#### Problem to solve
Write every line of the material again exactly, with no pictures in the copy.

======== Exercise data ========

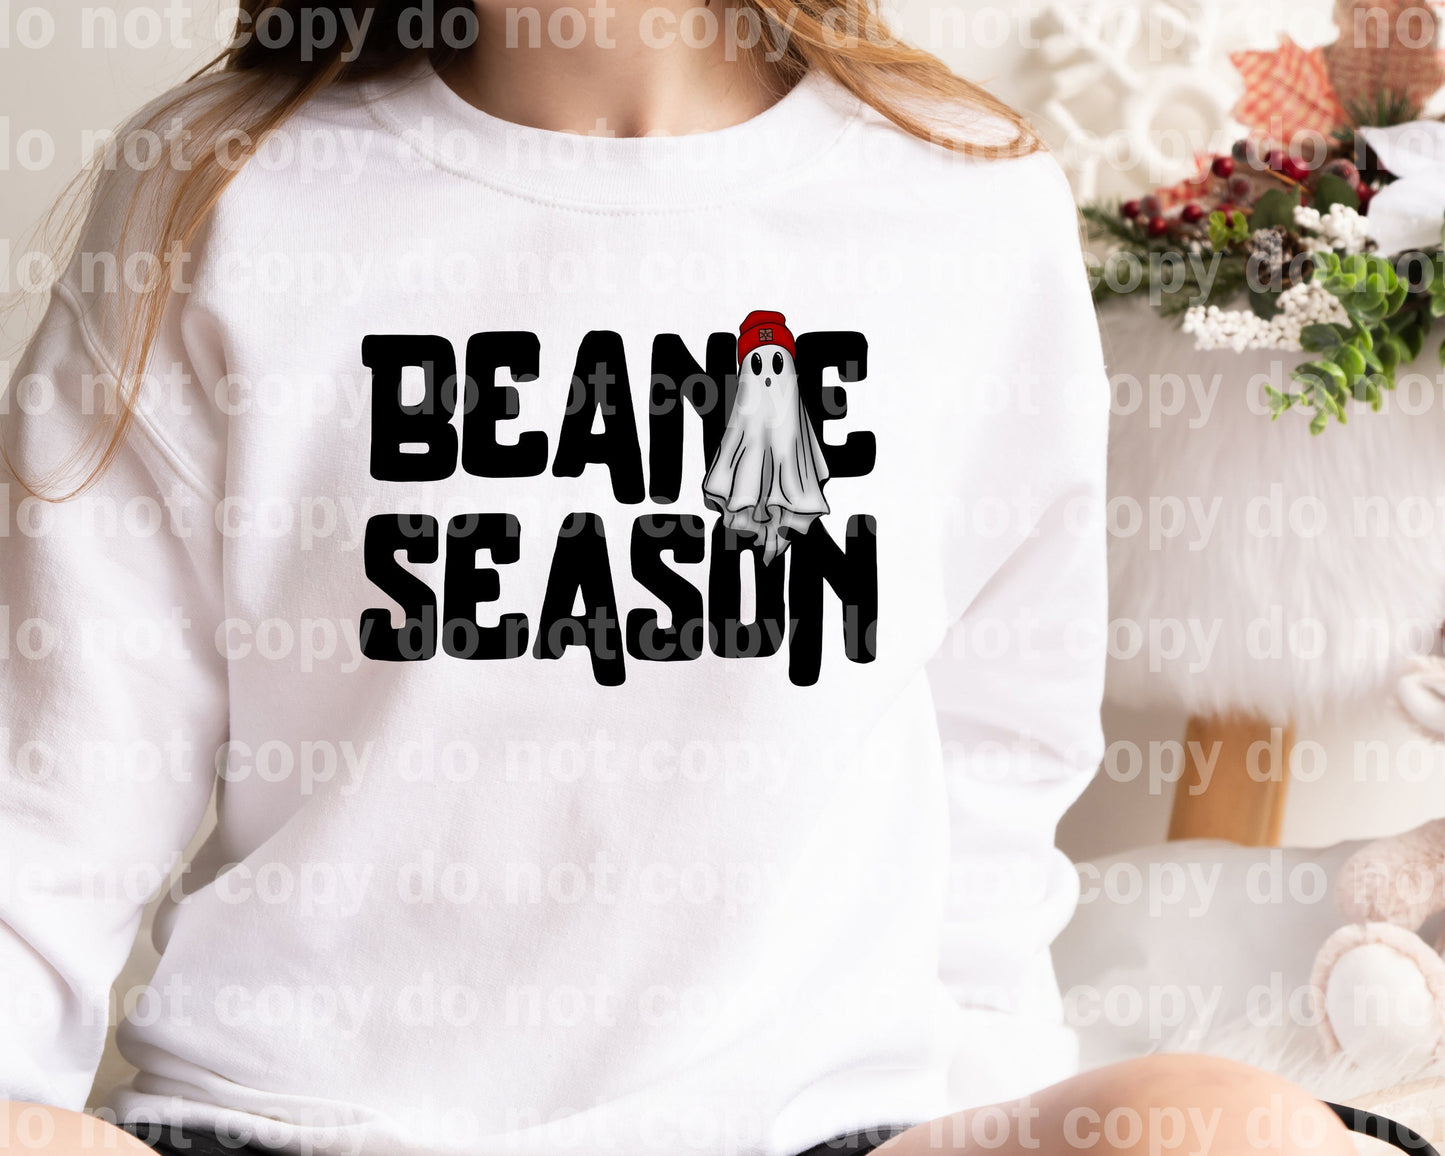 Beanie Season Ghost Red/Green with Pocket Option Dream Print or Sublimation Print
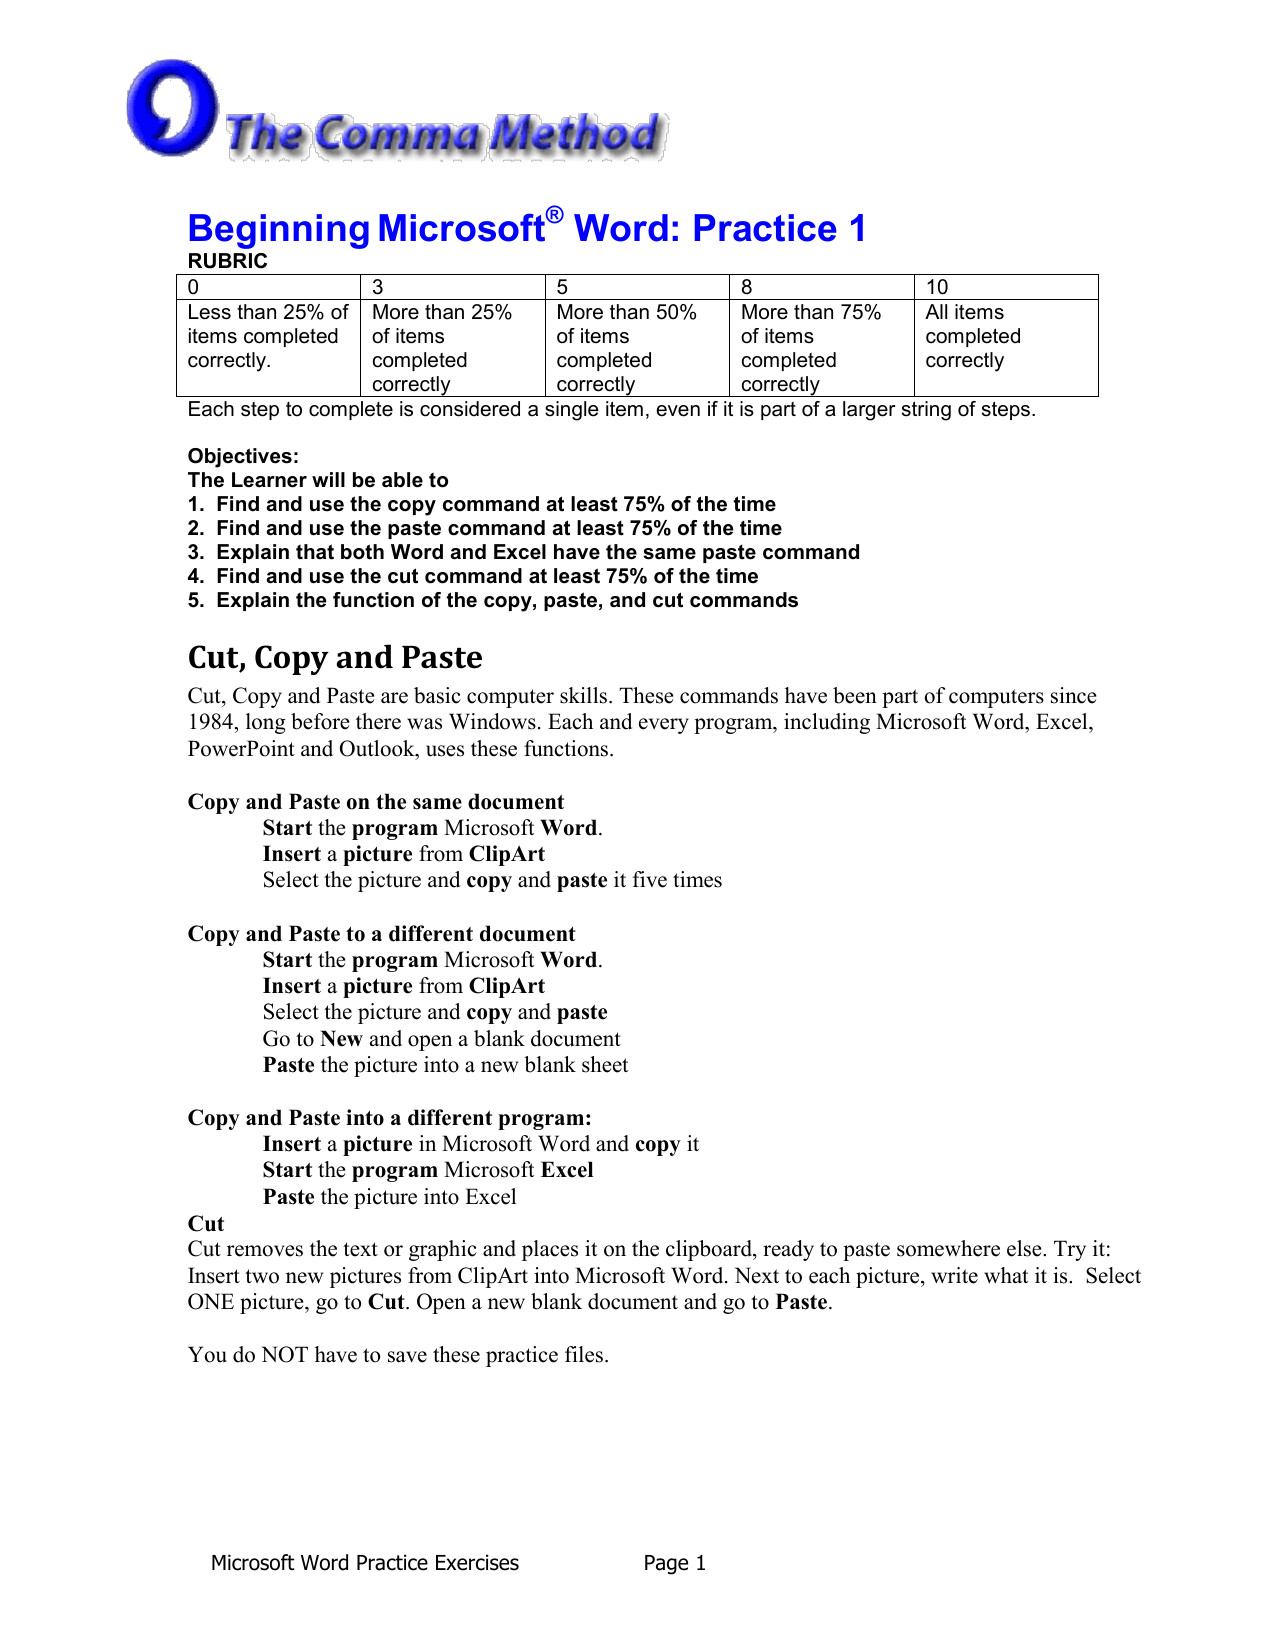 microsoft word basic assignments
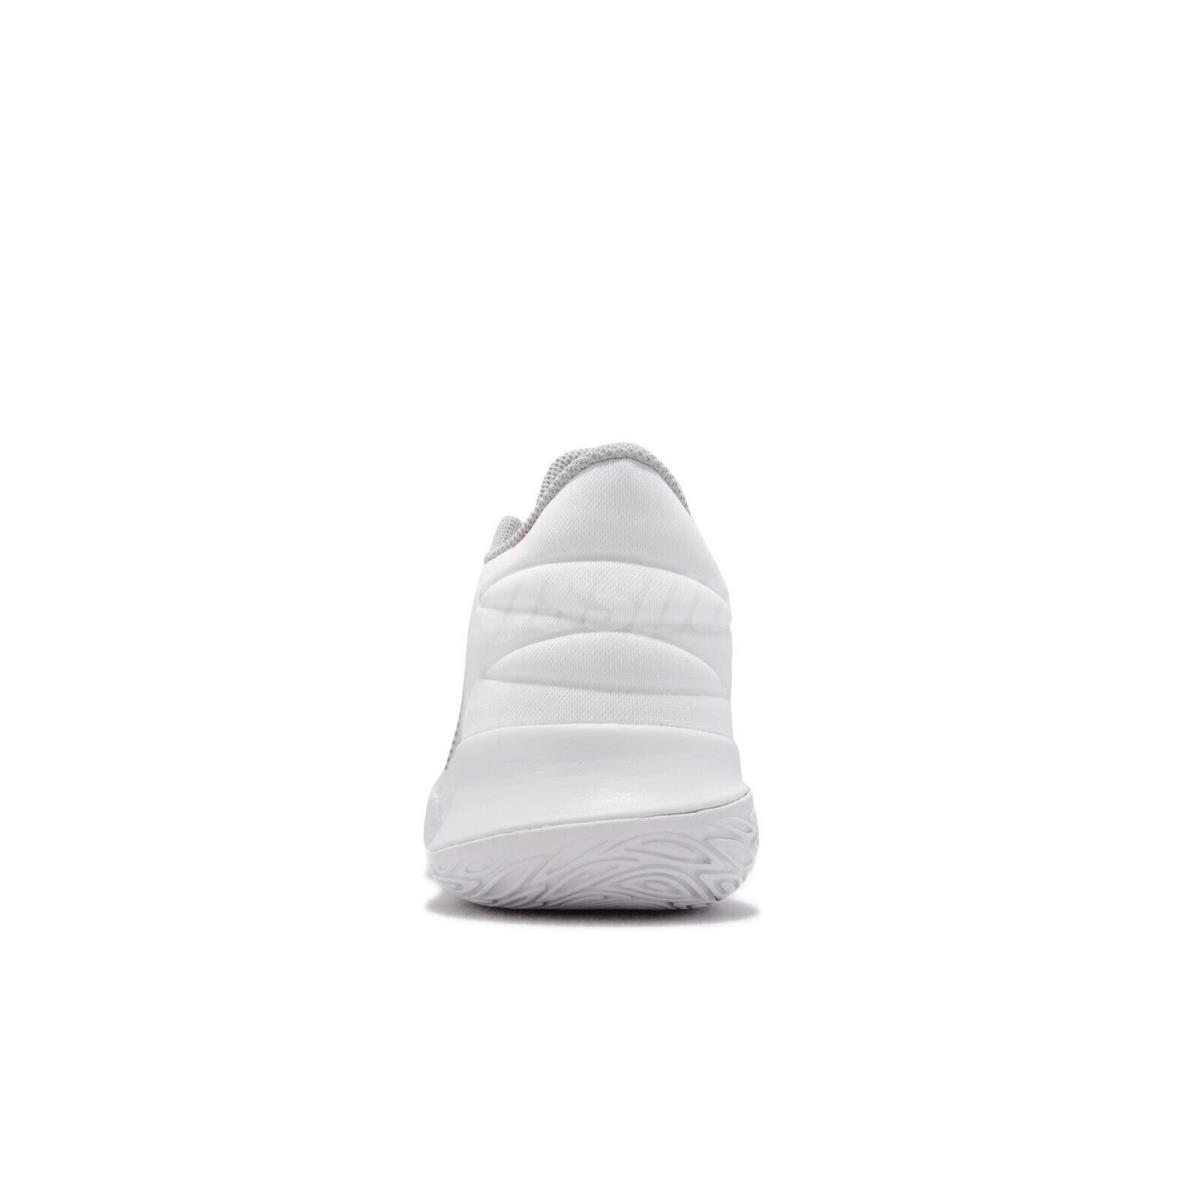 Nike shoes Kyrie - White/ Red , white/ red Manufacturer 4

========

#### Solution
 Beanie Season Ghost Red/Green with Pocket Option Dream Print or Sublimation Print
 microsoft word basic assignments
 Nike shoes Kyrie - White/ Red , white/ red Manufacturer 4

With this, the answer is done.